Tuesday, November 27, 2012

Shining the Light on State Budgeting

President's Page 
Nov. 15, 2012, Harris County Physician Newsletter 
Produced by Harris County Medical Society

By Keith A. Bourgeois, MD

The State of Texas collects revenue from a variety of sources — taxes, fees, special payments, etc. Many of these were designed to appear like they were being collected to fund specific purposes. The problem is that the Legislature has a habit of siphoning the money that has been set aside for some particular purpose into the General Revenue Fund, which is then used to balance the state budget. This financial shell game is having a negative effect on Texas patients.

For example, in 2003 Gov. Rick Perry signed the Texas Driver Responsibility Program (TDRP) into law. The law was designed to assess large additional fines — into the thousands of dollars apiece — to discourage certain offenses, such as DWI or reckless driving, and to generate money for trauma care. This makes sense since these unacceptable behaviors often lead to someone going to the emergency department (ED). In signing the law, Gov. Perry projected that the legislation would put $1 billion for trauma centers into the Texas Trauma Fund by 2008.

Annually, the TDRP actually generates about $125 million. In 2011, the Legislature allocated $60 million per year to offset hospitals’ uncompensated trauma costs. That means the Legislature is allocating only about 48 percent of the revenue from the TDRP for trauma funding. So, where does the rest of the money go? It goes into the General Revenue Fund to cover state expenses it didn’t pay for in the budget. The Trauma Fund was created because providing high-quality trauma care, at the moment it is needed, is a challenge and is very expensive. It is essential that the Legislature keep its word and stop borrowing money from the Driver Responsibility Program to support other, unrelated, budget items, and start supporting the state’s trauma system.

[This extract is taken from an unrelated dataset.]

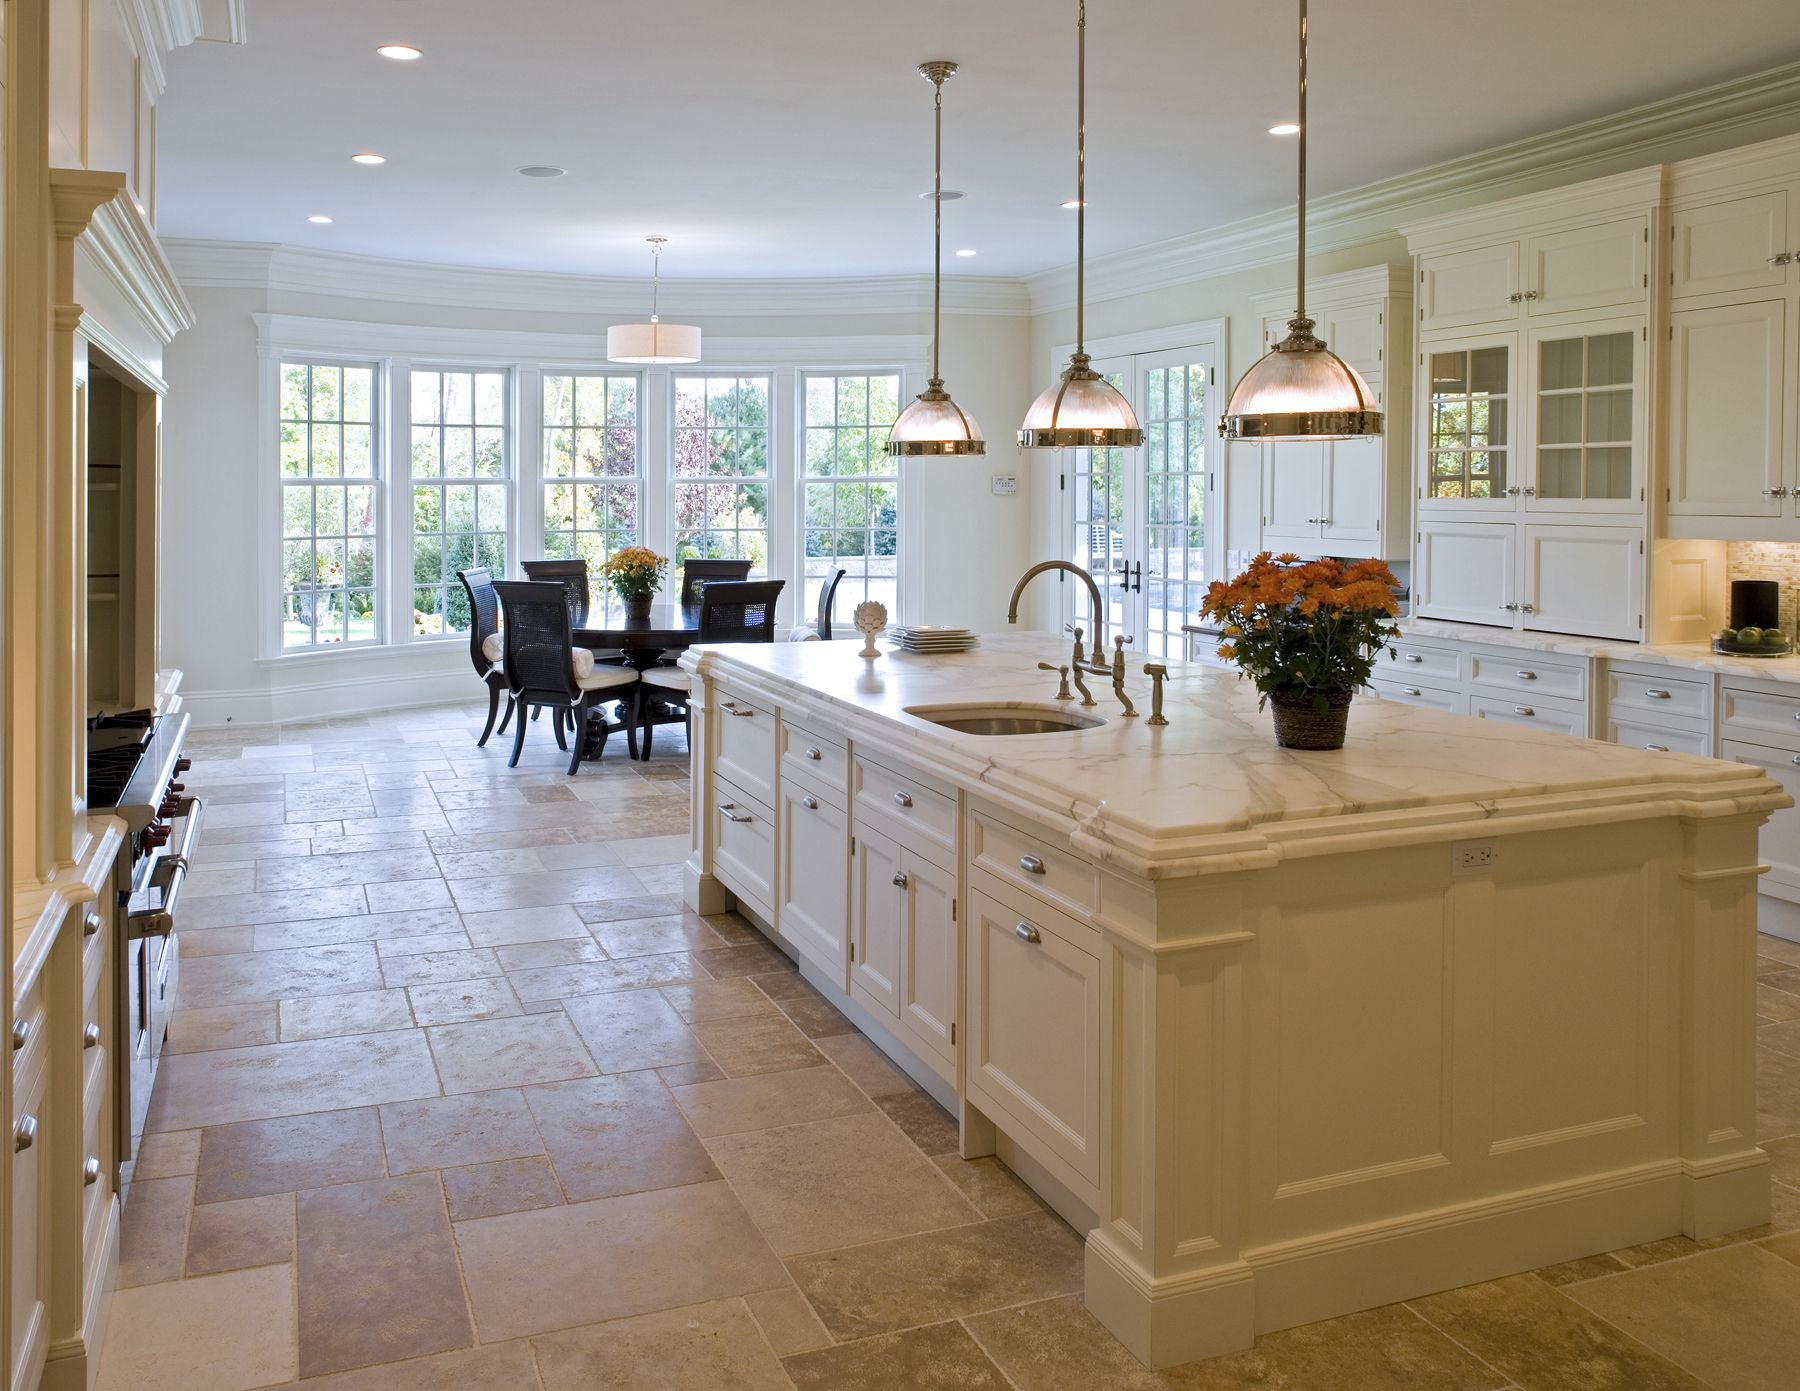 Best High End Small Kitchen Cabinets Remodelación De Cocina 400 x 300

A second example of the reappropriation of state funds is found in the windfall Texas received from the tobacco lawsuit. Tobacco is the leading preventable cause of death in Texas. This year 24,500 Texans will die from tobacco-related diseases and 29,000 Texas children will start smoking.
In 1998, Texas entered into a settlement with the major tobacco companies after a landmark lawsuit in 1996. As a result of the settlement, Texas will receive about $14.1 billion over 25 years.

In addition, the state also collects substantial tax revenue on tobacco products. All told, Texas has collected about $1.9 billion in settlement payments and tobacco taxes in FY 2012.

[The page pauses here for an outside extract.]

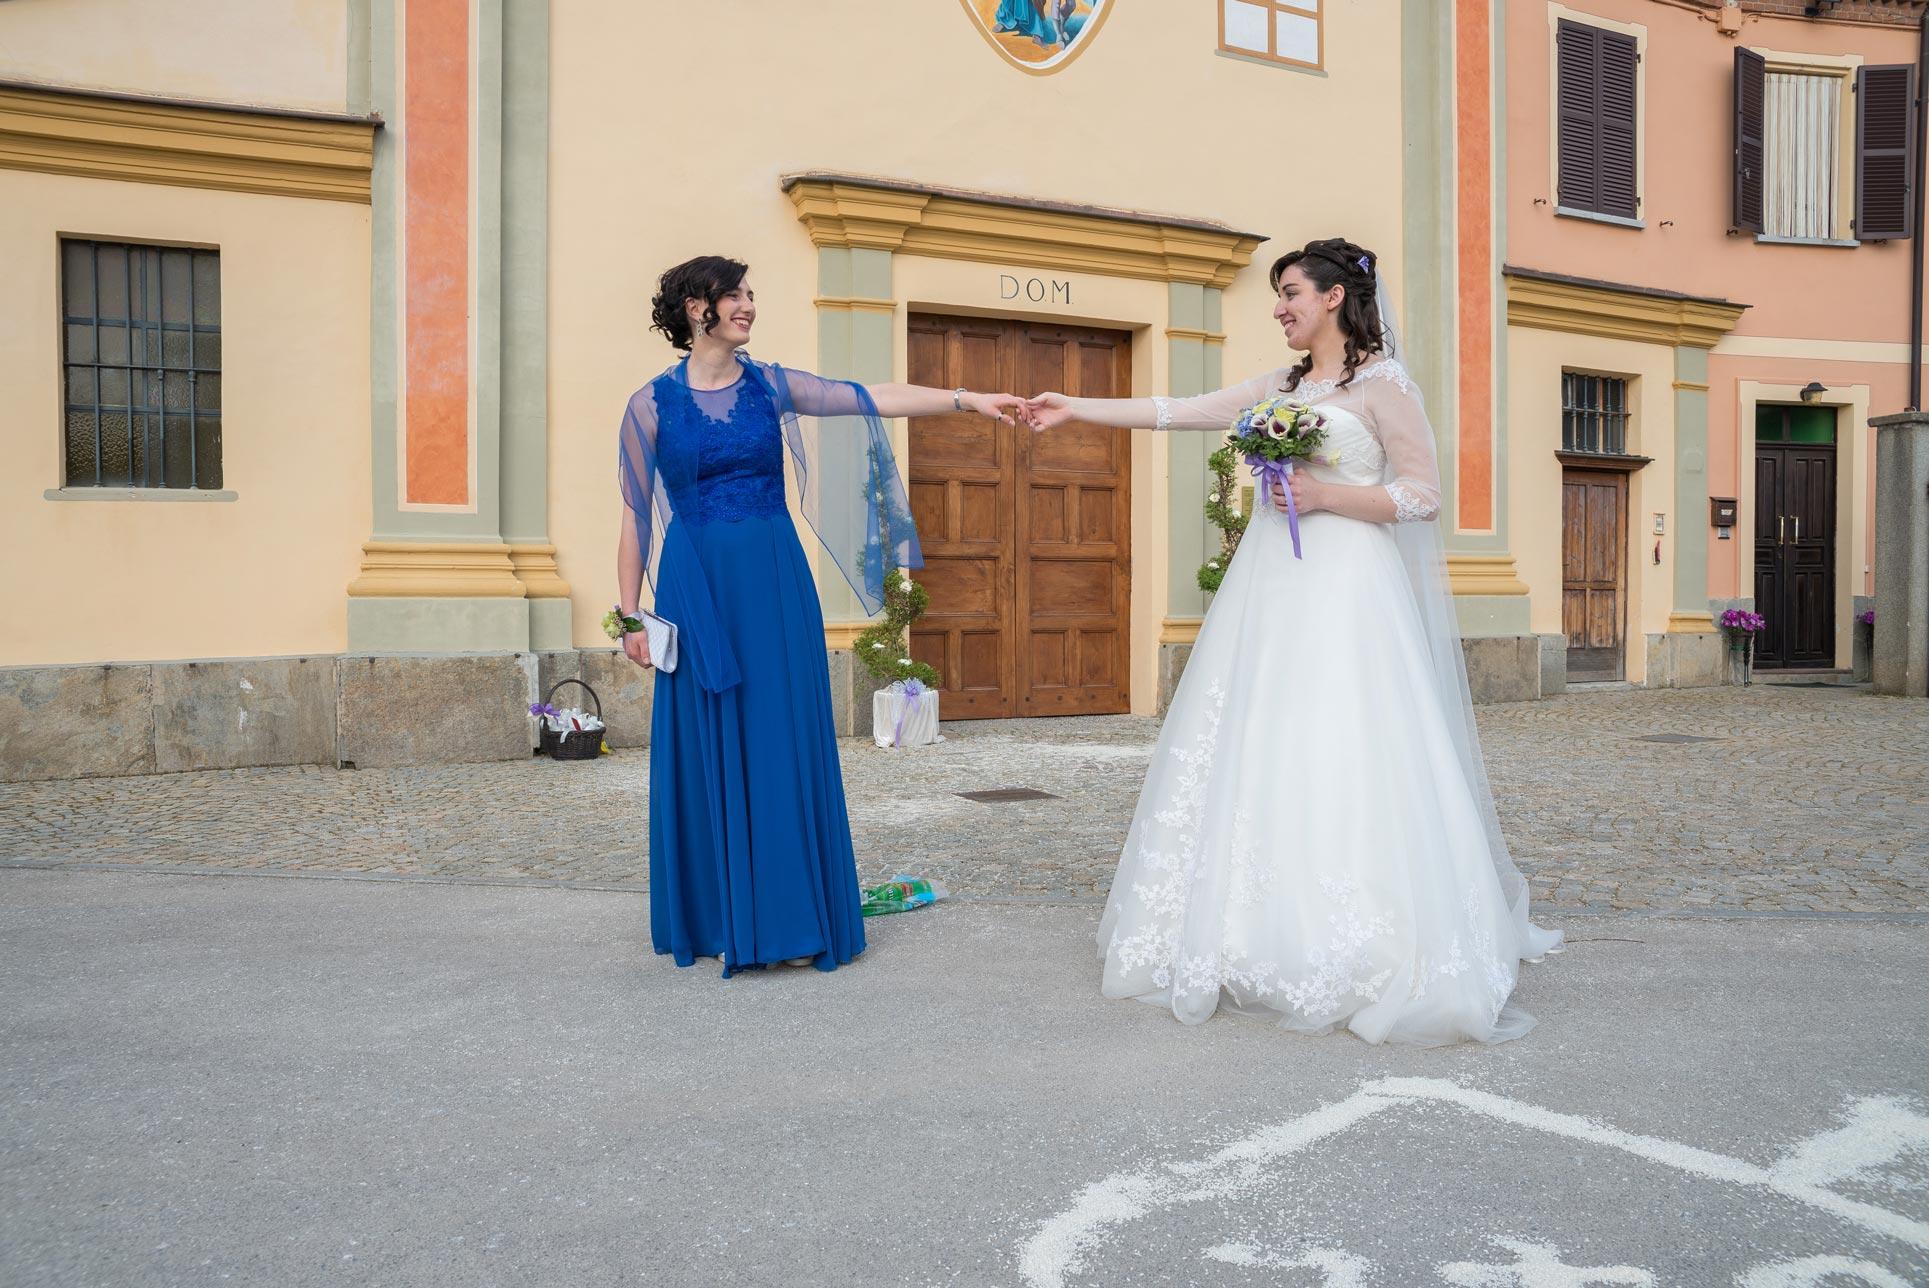 Matrimonio a Narzole Lorenza Diego - DSC 3170 - Fotografie matrimonio testimoni - Fotografie matrimonio testimoni

The U.S. Centers for Disease Control and Prevention (CDC) recommends that Texas spend $266.3 million a year to have an effective, comprehensive tobacco prevention program. In FY 2012, Texas only allocated $5.5 million for tobacco prevention and cessation. This amount is two percent of the CDC’s recommendation, which results in Texas ranking 39th among the states in the funding of tobacco prevention programs. Texas’ spending on tobacco prevention amounts to only 0.3 percent of the estimated $1.9 billion in tobacco-generated revenue the state collects each year from settlement payments and tobacco taxes. Guess where the rest of the money goes?

Not only is Texas refusing to spend the money it receives from tobacco sales and the lawsuit on tobacco prevention programs, the Legislature has actually cut back on these programs. The $5.5 million allocated for tobacco prevention and cessation in FY 2012 is half what was allocated in FY 2011.

There is no doubt that Texas has some very difficult issues regarding its budget; however, Texans deserve honesty and prudence with regard to taxation and spending.